We believe a benchmark should be challenging. The FPX Indexes are, which is why we use them as benchmarks for our portfolios.

The Real World Index

Monitoring the performance of your investments is an integral part of sound financial planning.

Suppose that last year, your portfolio generated a 12% return. Was that good or bad? Well, if you are comparing the performance of your portfolio to GICs, then the return was pretty good. If you are comparing your return to an equity index that returned, say, 20%, then the numbers don’t look so good.

The problem of course, is that most investors don’t have 100% of their portfolio in GICs, nor do they have 100% of their portfolio in stocks. Most have a combination of investments that include cash (Treasury bills, bank accounts), fixed income (bonds), and equities (stocks).

If we accept the position that most investors have a diversified portfolio, then we have to also accept that a 12% return tells us nothing about value. It’s like having a son who is seven feet tall. Is that good or bad? It’s good if he wants to play professional basketball. Not so good if he wants ready to wear clothes.

Knowing a quantity such as how tall, how much, percent return, and so on tells us nothing about value. Only by comparing a diversified portfolio against a passive portfolio benchmark, can you make an informed judgment about how well your portfolio did. If your passive benchmark returned 11%, and your portfolio returned 12%, then your portfolio did very well indeed.

A benchmark is simply an independent standard against which performance can be evaluated. A good benchmark has five essential characteristics:

 

  • Unambiguous → The components are clearly specified
  • Appropriate → It is consistent with your objectives
  • Measurable → Performance can be established frequently
  • Current → It is based on marketable securities
  • Investable → It can be replicated and the components can be purchased separately

At Croft Financial Group we use what we call the “Croft Real World Indexes” as our passive benchmarks. These are three globally diversified index-based portfolios based on the FPX Indexes originally co-developed by Richard Croft. These indexes are diversified by asset mix and geographic region, and are re balanced annually. What makes these benchmarks different is that they are investable, and they include a basket of index-based exchange traded funds. The Croft Real World Indexes take the process a step further and adjust the FPX Indexes for a 1% management fee, about the average fee paid by Canadian investors for portfolio management.

When we talk about asset mix, we are really talking about the percentage of the portfolio that should be allocated to cash, to fixed income, and to stocks. The asset mix is critical, because it determines 85% to 90% of the total return of your portfolio.

Unfortunately, most investors spend too little time understanding asset mix. They buy a specific fund or a certain stock based on its past performance or its potential return. The asset mix is determined by default.

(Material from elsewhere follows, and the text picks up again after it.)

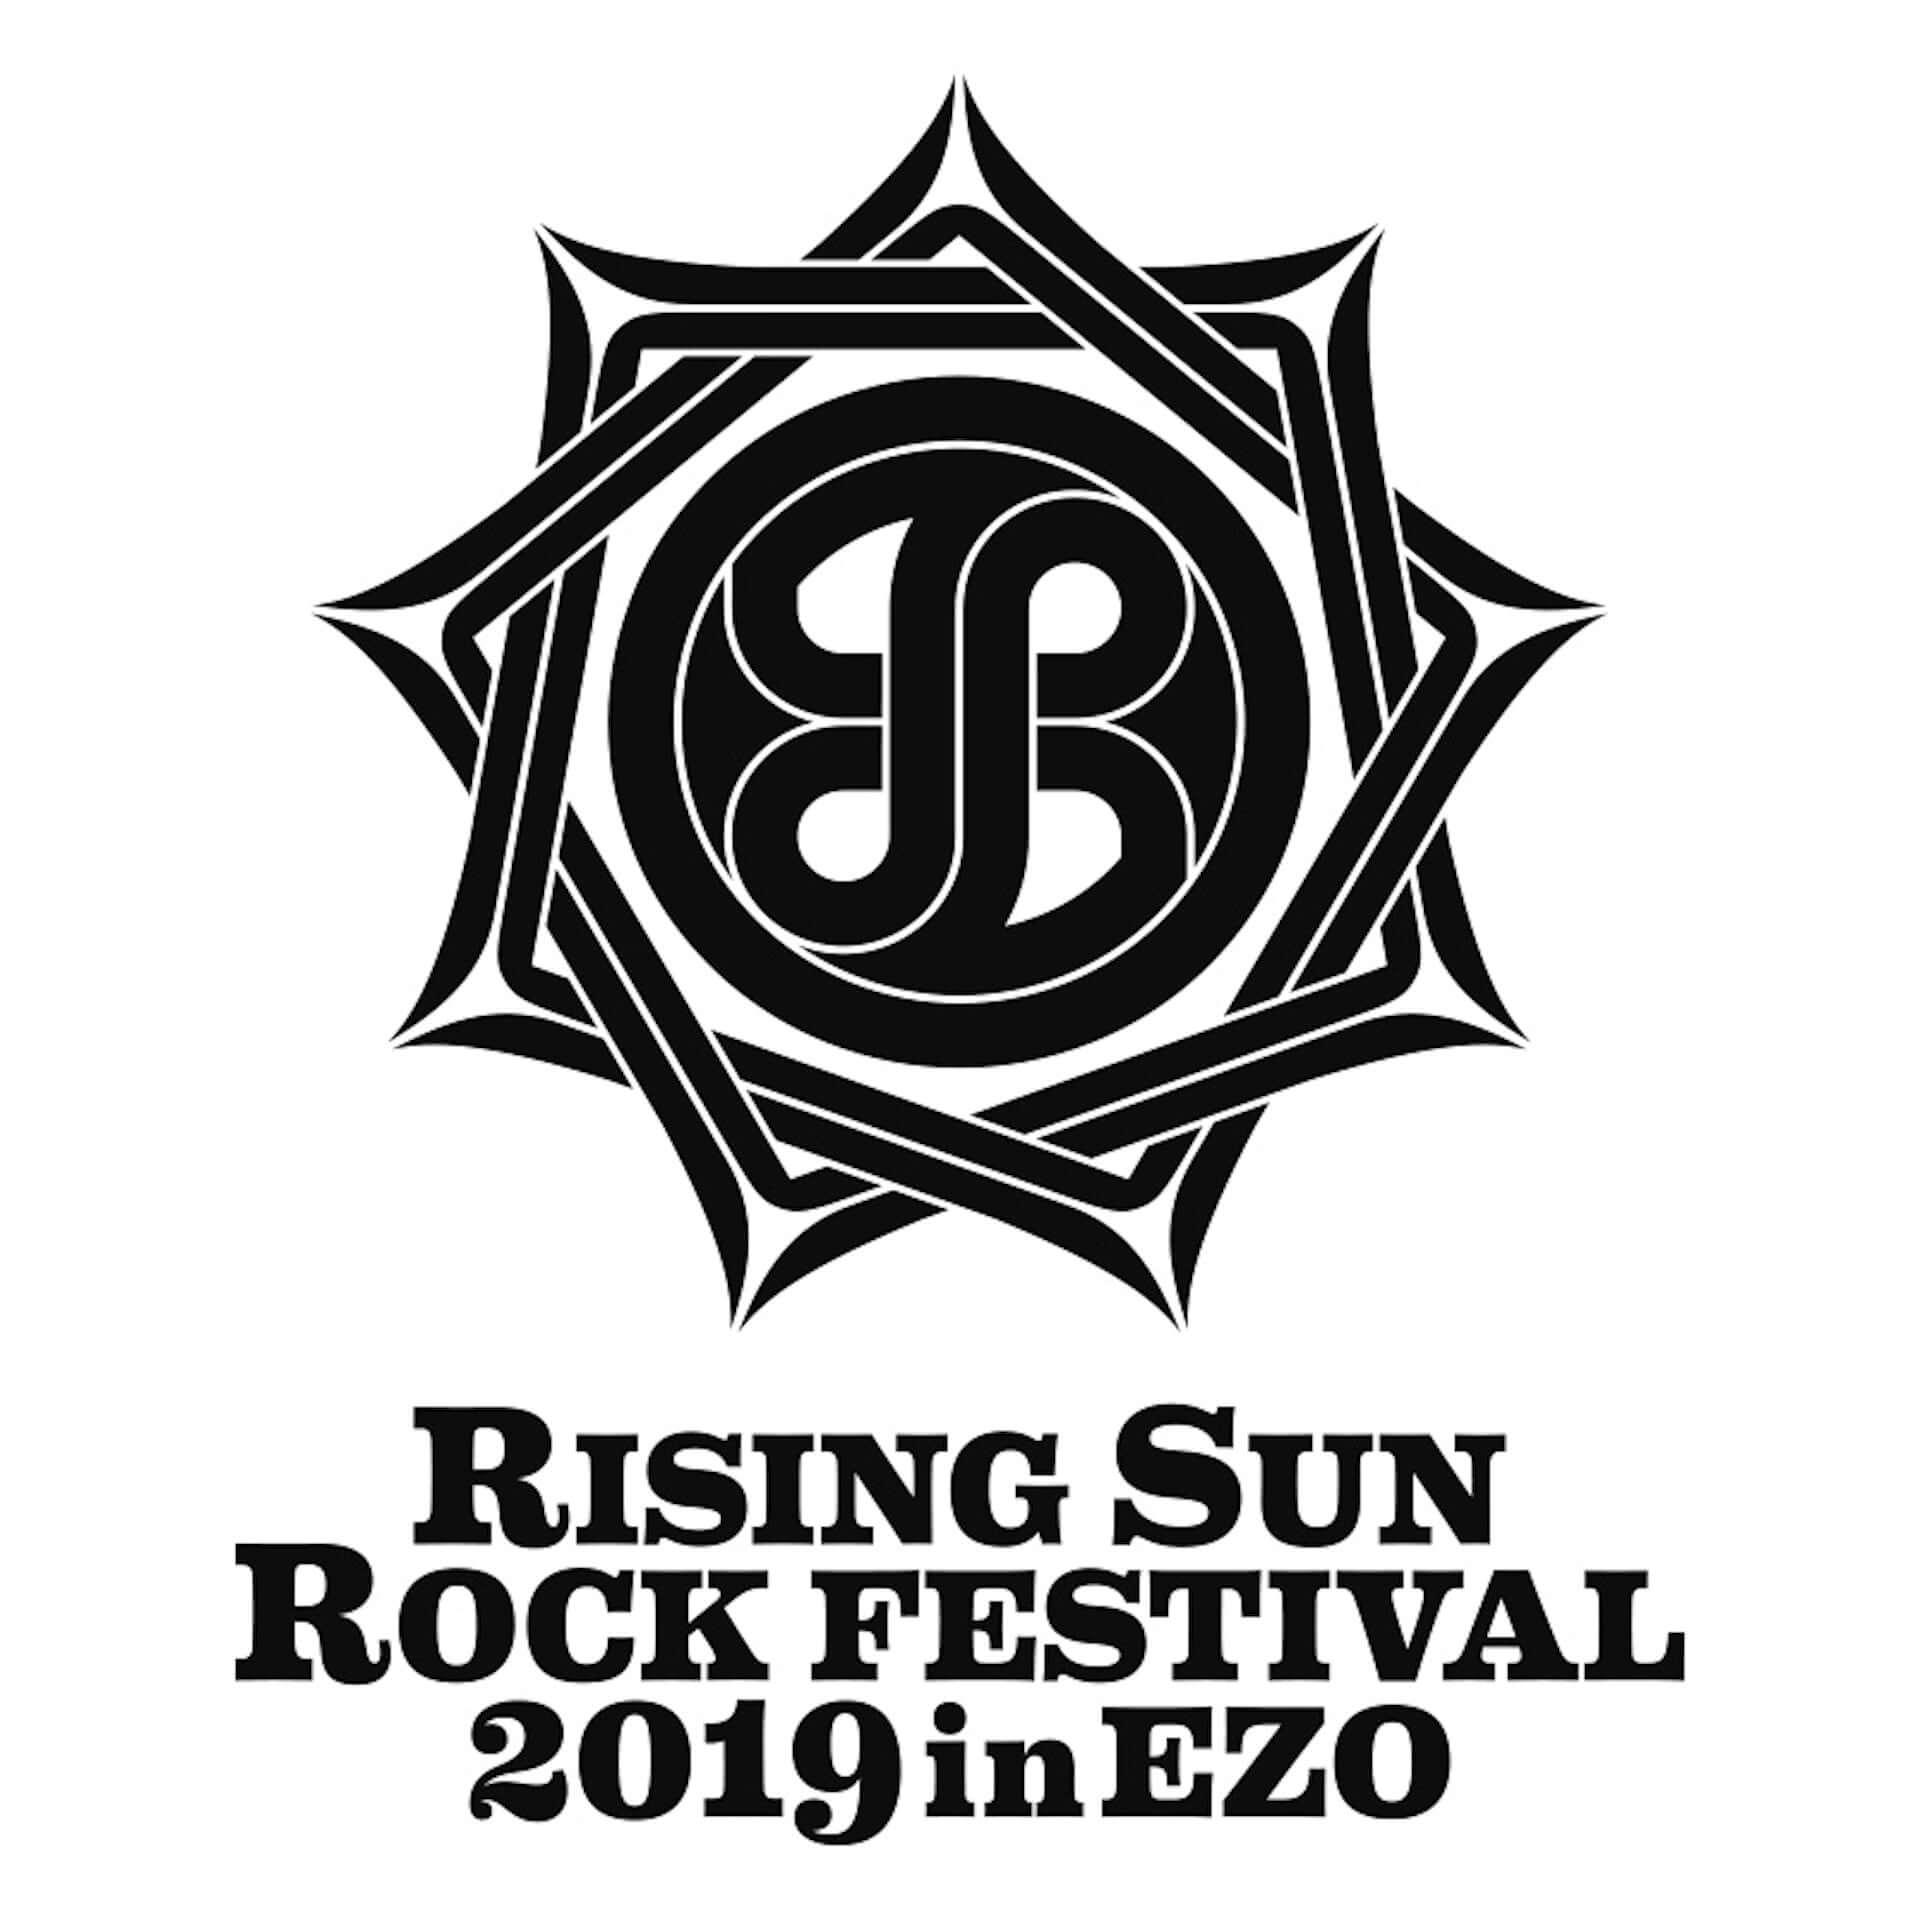 <RISING SUN ROCK FESTIVAL>タイムテーブル&第6弾アーティスト発表!中村佳穂、緑黄色社会ら7組&ゲストアーティストも music190719_risingsunrockfestival_7-1920x1920

Typically, investors fall into one of three basic categories: conservative; balanced; or growth. You can argue, as some financial institutions do, that three categories are too generic. However, we believe that each client deserves a personalized asset mix that can be accommodated by fine tuning the weightings within our three categories. Bottom line, asset mix is the priority, and for every client there is an appropriate personalized asset mix.

Cboe S&P Buy Write Index

The CBOE S&P 500 BuyWrite Index (ticker symbol BXM) is a benchmark index designed to show the hypothetical performance of a portfolio that engages in a buy-write strategy using S&P 500 index call options.

The term buy-write is used because the investor buys stocks and writes call options against the stock position. The writing of the call option provides extra income for an investor who is willing to forego some upside potential.